Pratanwanich Naruemon, Lio Pietro
Computer Laboratory, University of Cambridge, JJ Thomson Avenue, Cambridge CB3 0FD, United Kingdom.
Comput Biol Chem. 2014 Dec;53 Pt A:144-52. doi: 10.1016/j.compbiolchem.2014.08.019. Epub 2014 Aug 24.
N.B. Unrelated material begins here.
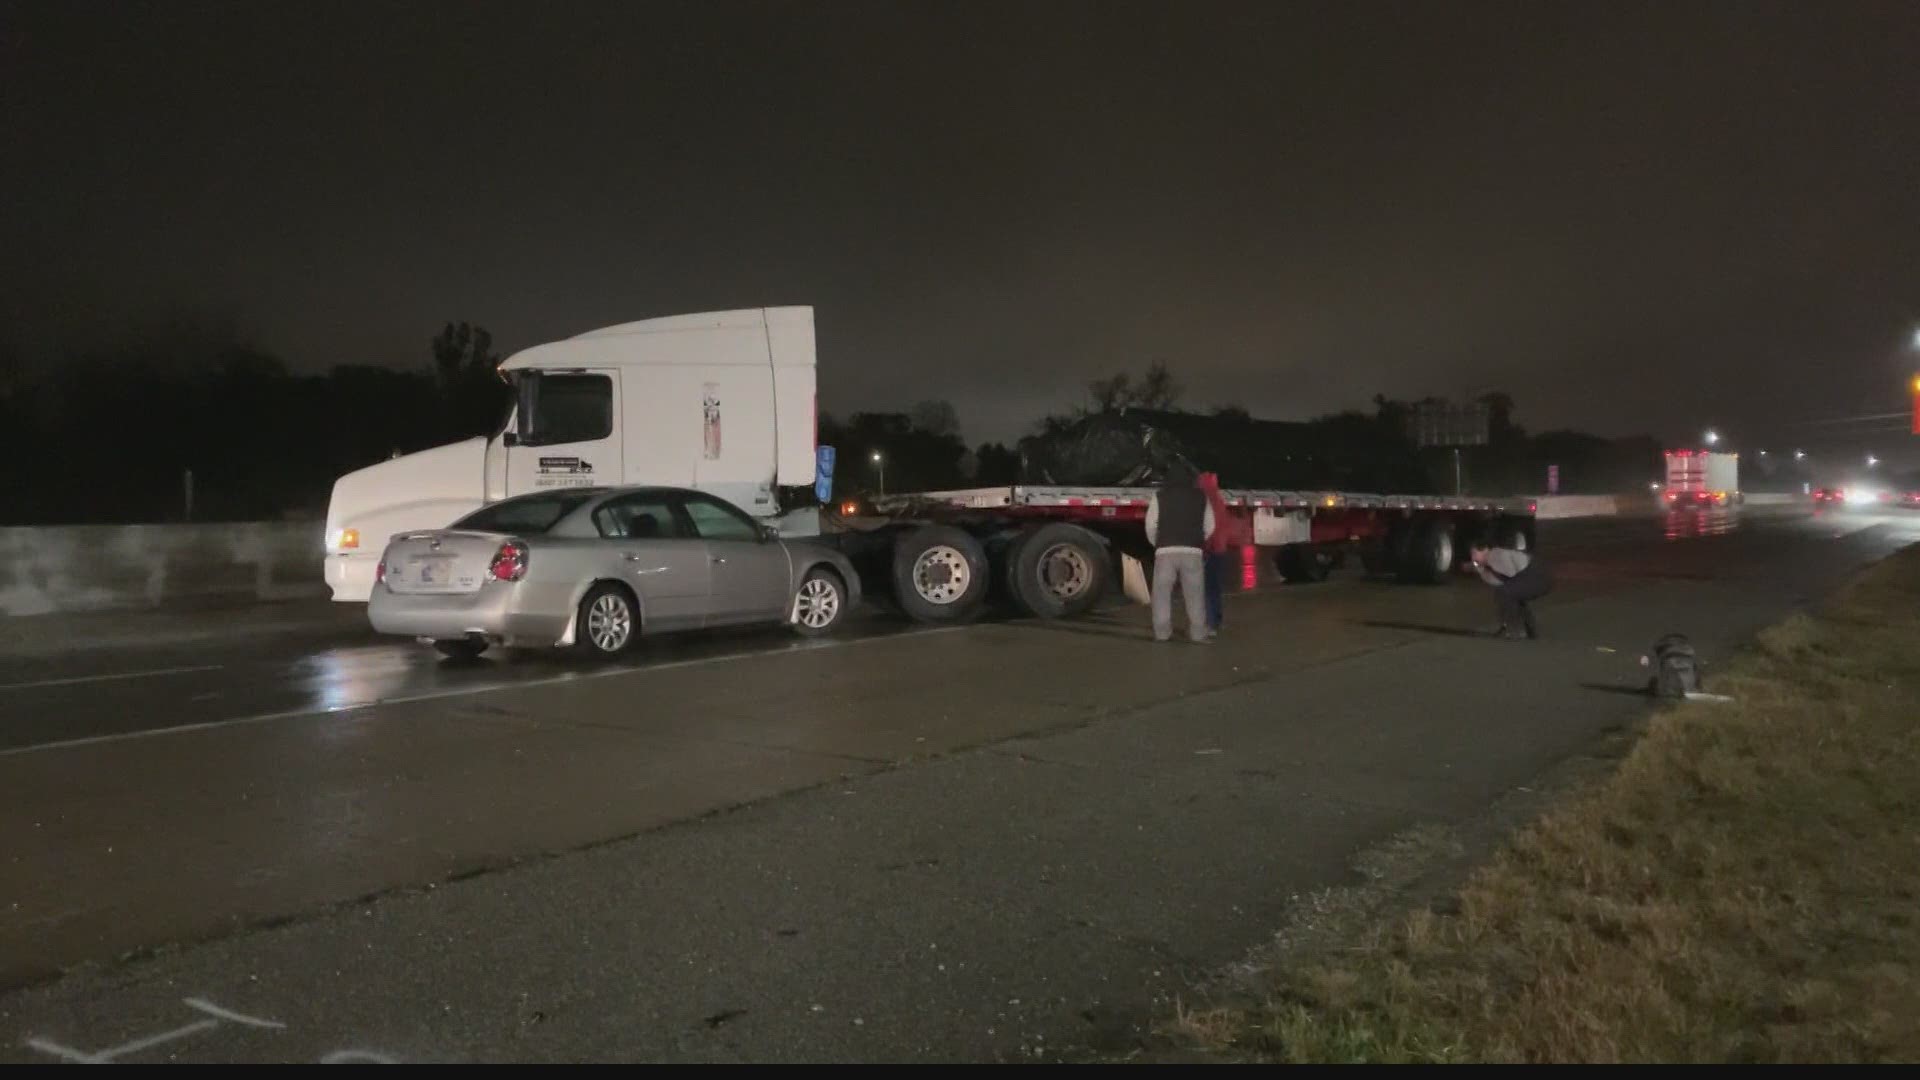 All interstates into downtown Indianapolis were hampered or blocked by accidents involving semis early Monday morning.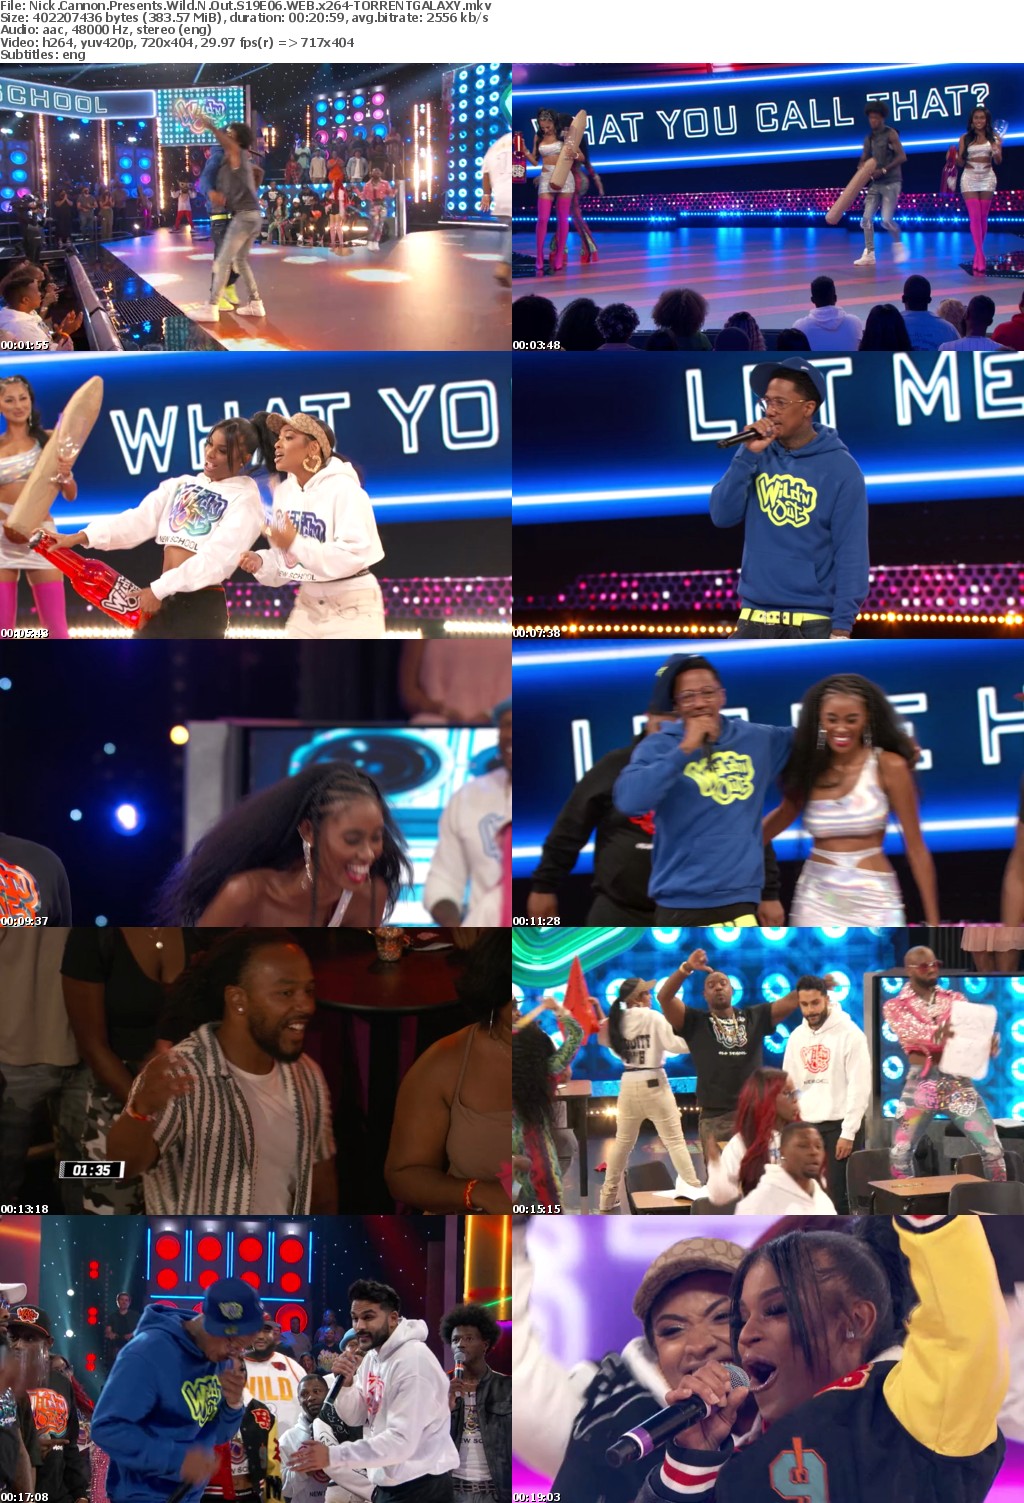 Nick Cannon Presents Wild N Out S19E06 WEB x264-GALAXY

Analysis of cellular responses to diverse stimuli enables the exploration in the complexity of functional genomics. Typically, high-throughput microarray data allow us to identify genes that are differentially expressed under a phenomenon of interest. To extract the meanings from the long list of those differentially expressed genes, we present a new method "pathway-based LDA" to determine pathways/gene sets that are perturbed after exposure to different chemicals. In this study, a pathway is defined as a group of functionally related genes. Specifically, we have implemented a probabilistic Latent Dirichlet Allocation (LDA) model to learn drug-pathway-gene relations by taking known gene-pathway memberships as prior knowledge. We applied the pathway-based LDA model and 236 known pathways in order to determine pathway responsiveness to gene expression data of 1169 drugs. Our method yielded a better predictive performance on pathway responsiveness to drug treatments than the existing methods. Moreover, the pathway-based LDA also revealed genes contributing the most in each pre-defined pathway through a probabilistic distribution of genes. In achieving that, our method could provide a useful estimator of the pathway complexity of a genome.
对细胞对多种刺激的反应进行分析有助于探索功能基因组学的复杂性。通常,高通量微阵列数据使我们能够识别在感兴趣的现象下差异表达的基因。为了从那些差异表达基因的长列表中提取意义,我们提出了一种新方法“基于通路的LDA”,以确定暴露于不同化学物质后受到干扰的通路/基因集。在本研究中,通路被定义为一组功能相关的基因。具体而言,我们实现了一种概率潜在狄利克雷分配(LDA)模型,以已知的基因-通路成员关系作为先验知识来学习药物-通路-基因关系。我们应用基于通路的LDA模型和236条已知通路,以确定对1169种药物的基因表达数据的通路反应性。我们的方法在对药物治疗的通路反应性预测性能上比现有方法更好。此外,基于通路的LDA还通过基因的概率分布揭示了在每个预定义通路中贡献最大的基因。通过这样做,我们的方法可以为基因组的通路复杂性提供一个有用的估计器。